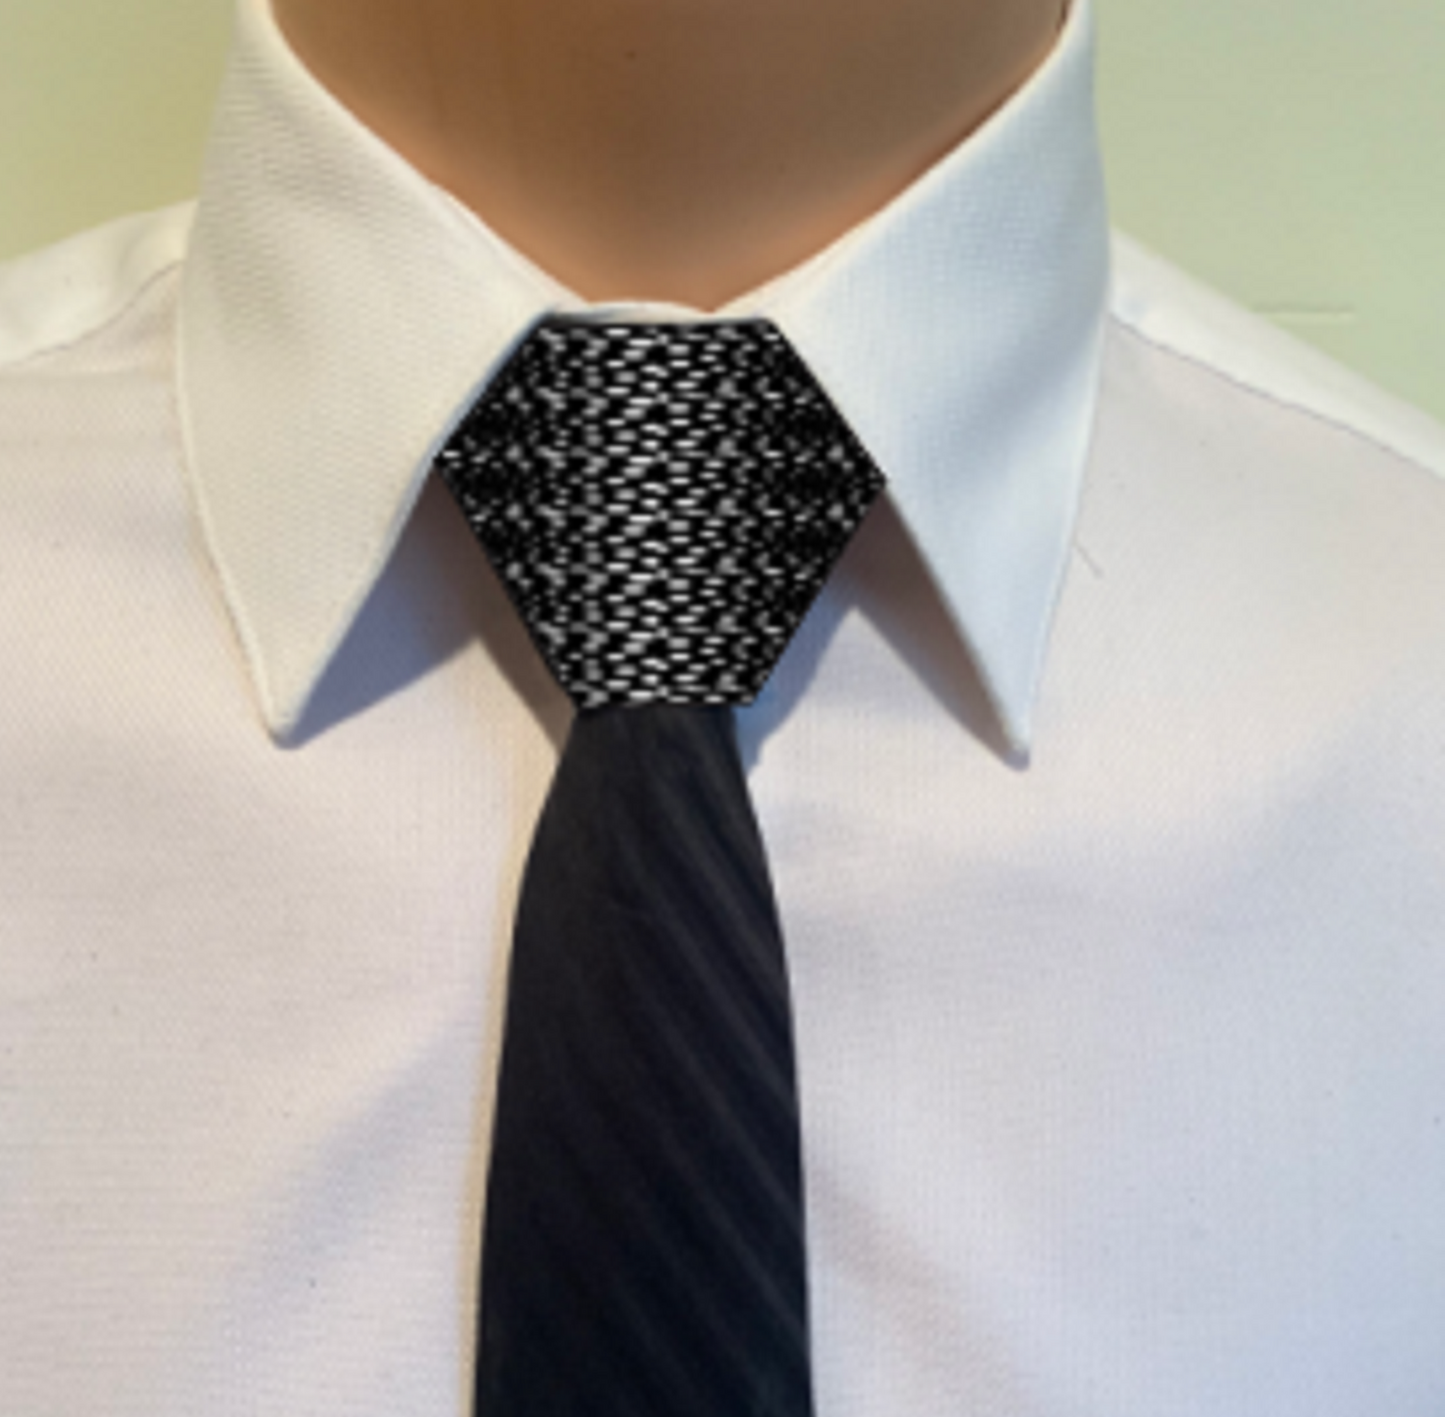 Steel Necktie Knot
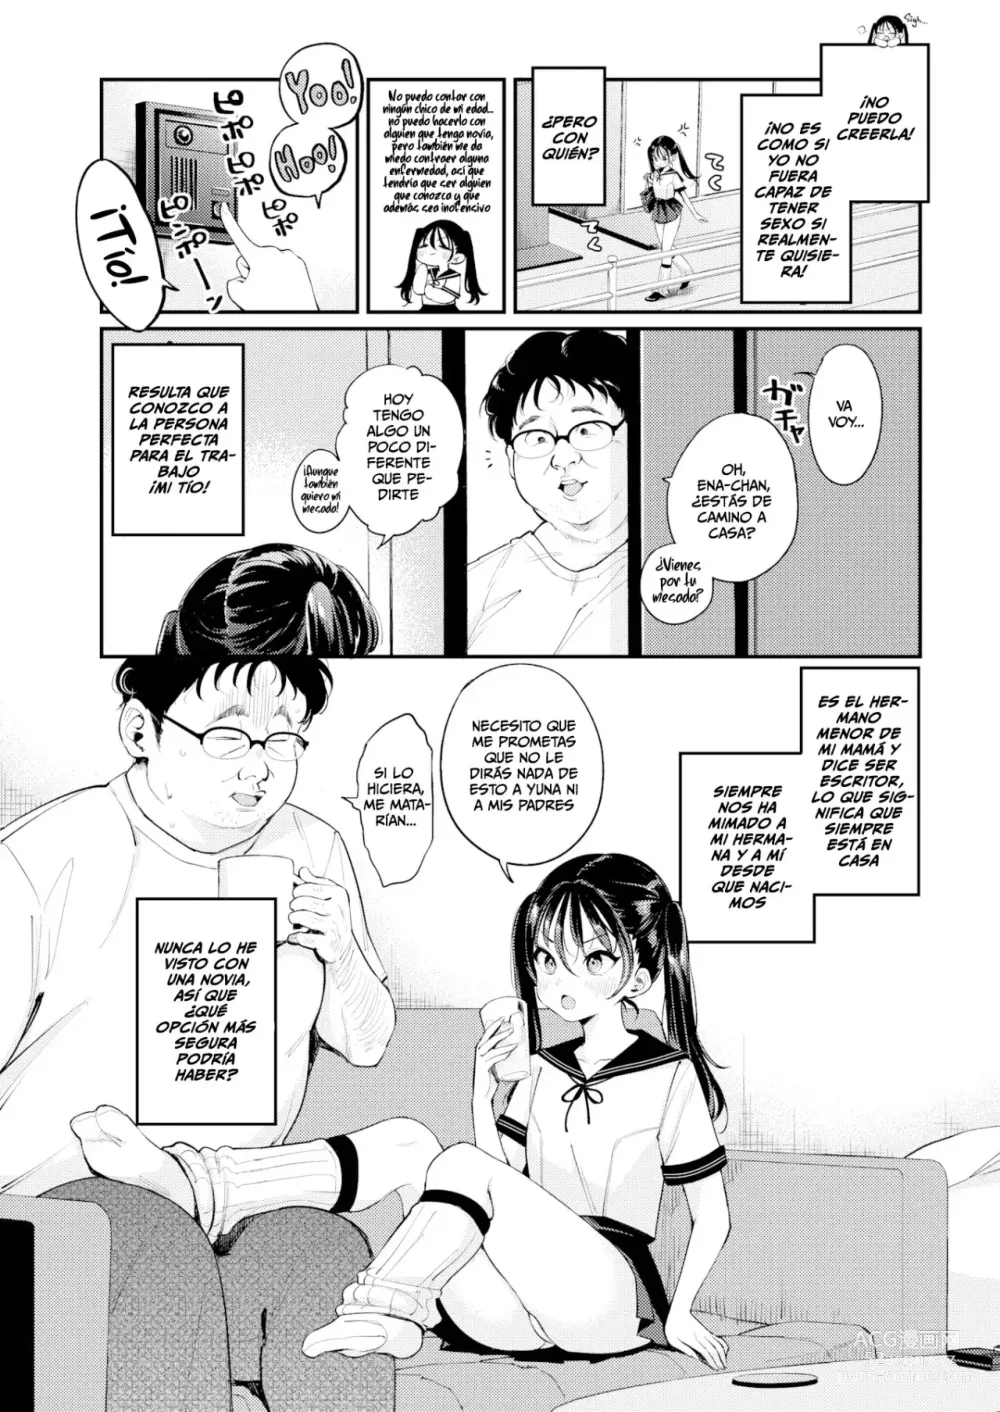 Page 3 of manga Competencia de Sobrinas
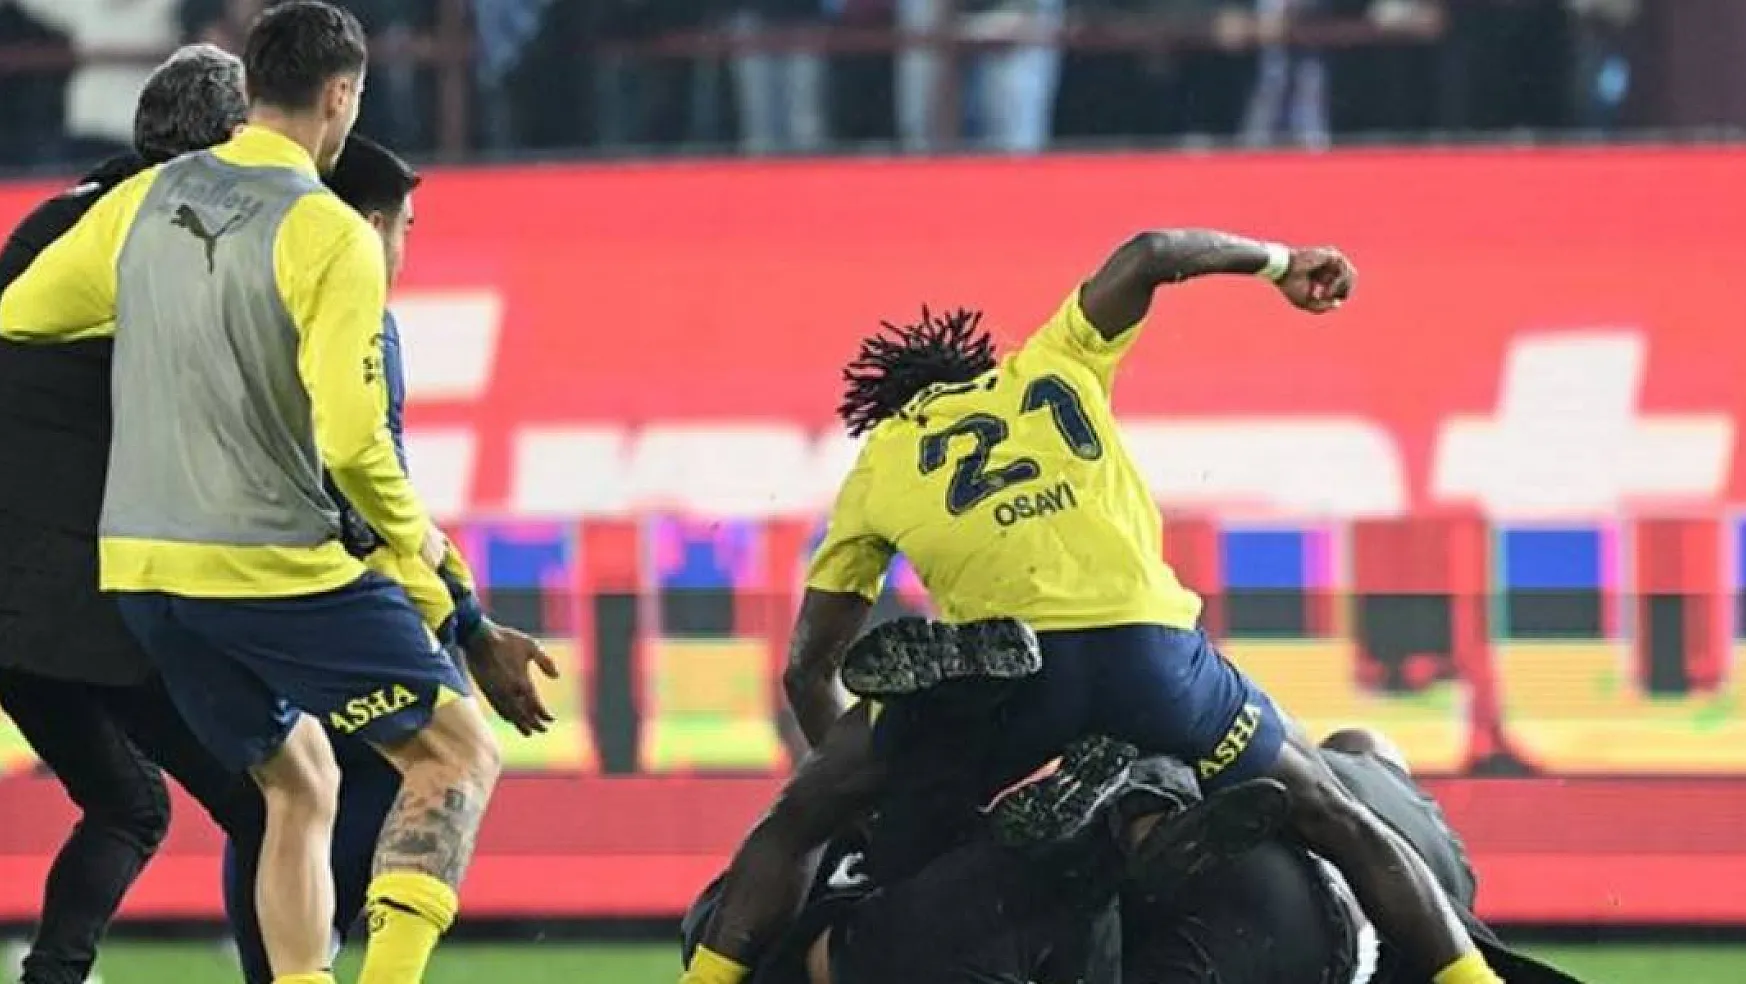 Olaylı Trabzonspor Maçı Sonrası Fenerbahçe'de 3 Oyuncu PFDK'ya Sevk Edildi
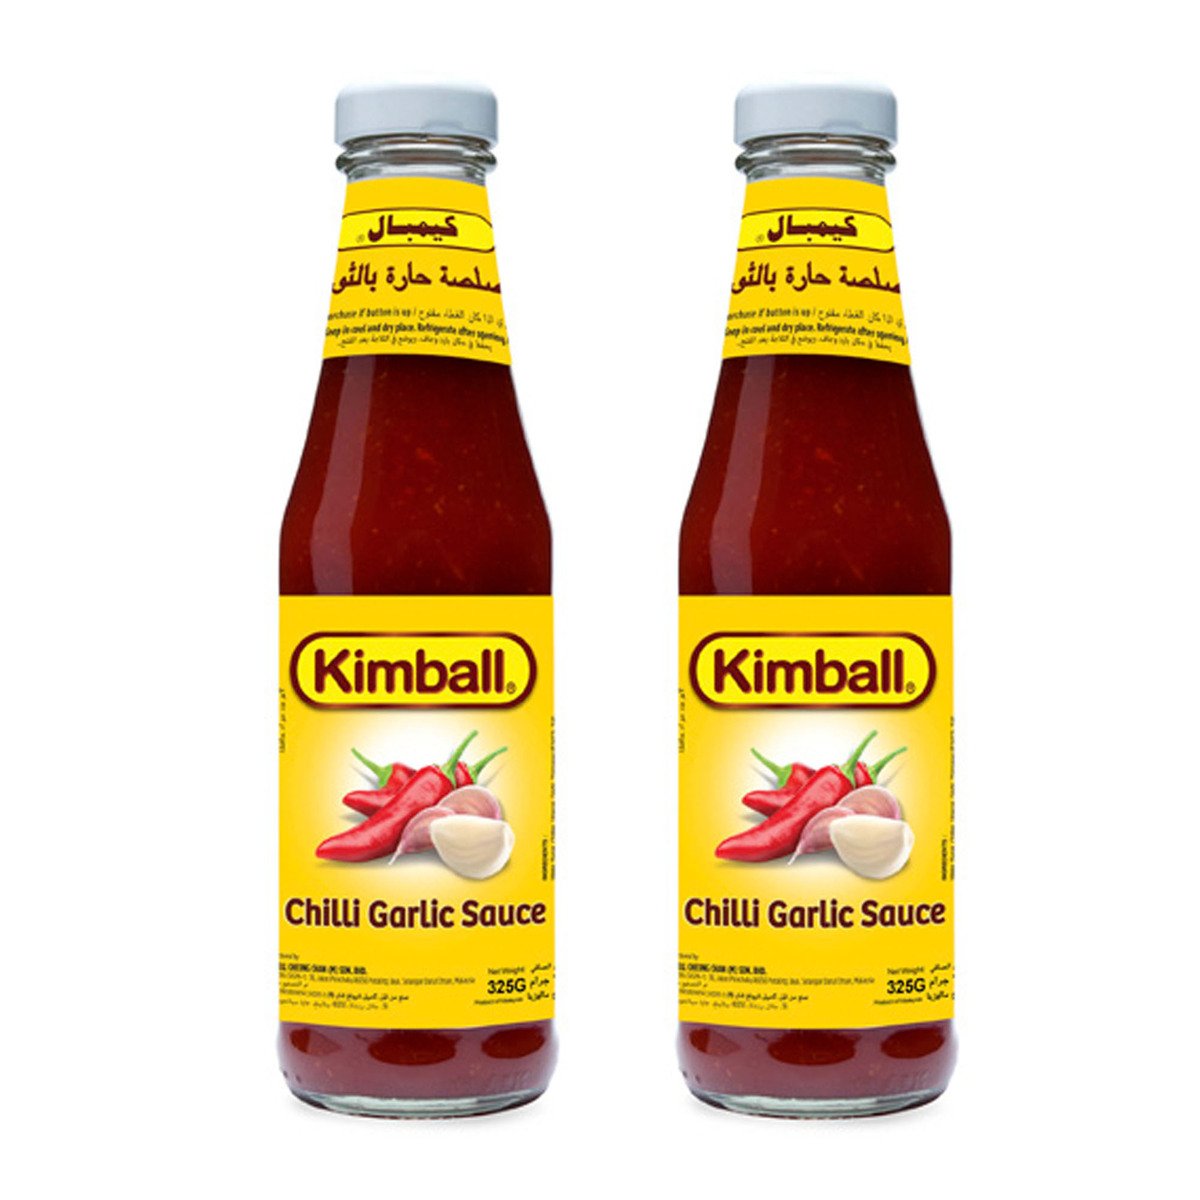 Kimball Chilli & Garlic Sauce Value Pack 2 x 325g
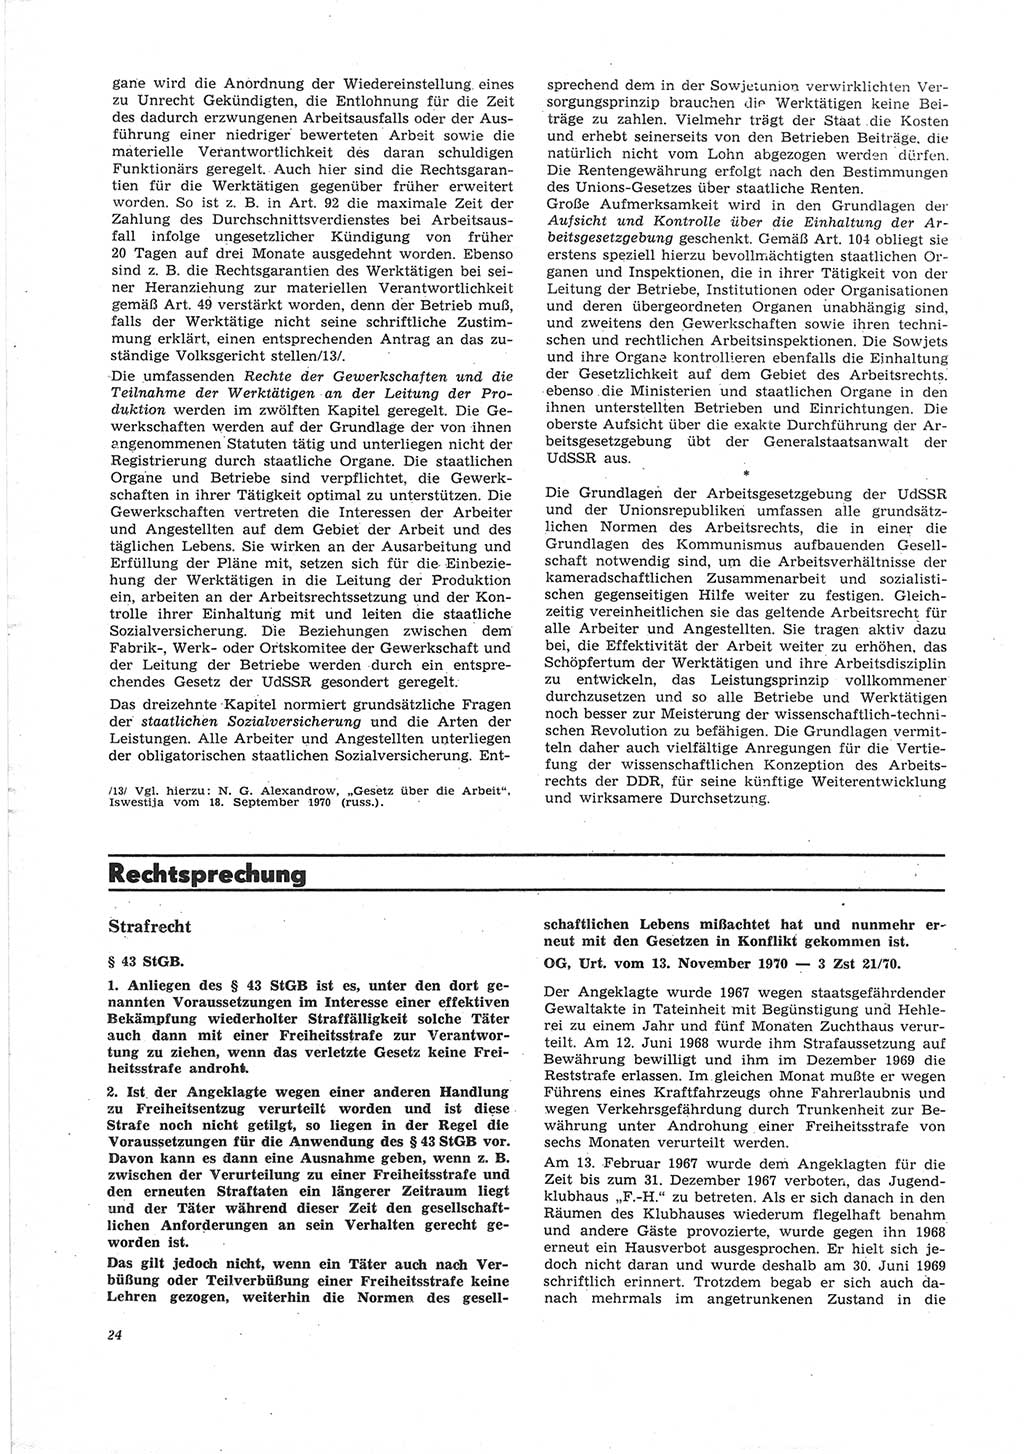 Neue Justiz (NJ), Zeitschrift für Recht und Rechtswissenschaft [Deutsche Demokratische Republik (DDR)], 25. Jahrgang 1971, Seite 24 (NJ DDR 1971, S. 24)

◇ ◇ ◇ ◇ ◇ ◇ ◇

◆ **WHAT TO PRODUCE**
The records above should be written out in full and unchanged, except that pictures are dropped.

◆ **RESPONSE TO THE TASK**
 Steel Necktie Knot
 Page 3 of manga Competencia de Sobrinas
 Olaylı Trabzonspor Maçı Sonrası Fenerbahçe'de 3 Oyuncu PFDK'ya Sevk Edildi
 Kimball Chilli & Garlic Sauce Value Pack 2 x 325g
 Neue Justiz (NJ), Zeitschrift für Recht und Rechtswissenschaft [Deutsche Demokratische Republik (DDR)], 25. Jahrgang 1971, Seite 24 (NJ DDR 1971, S. 24)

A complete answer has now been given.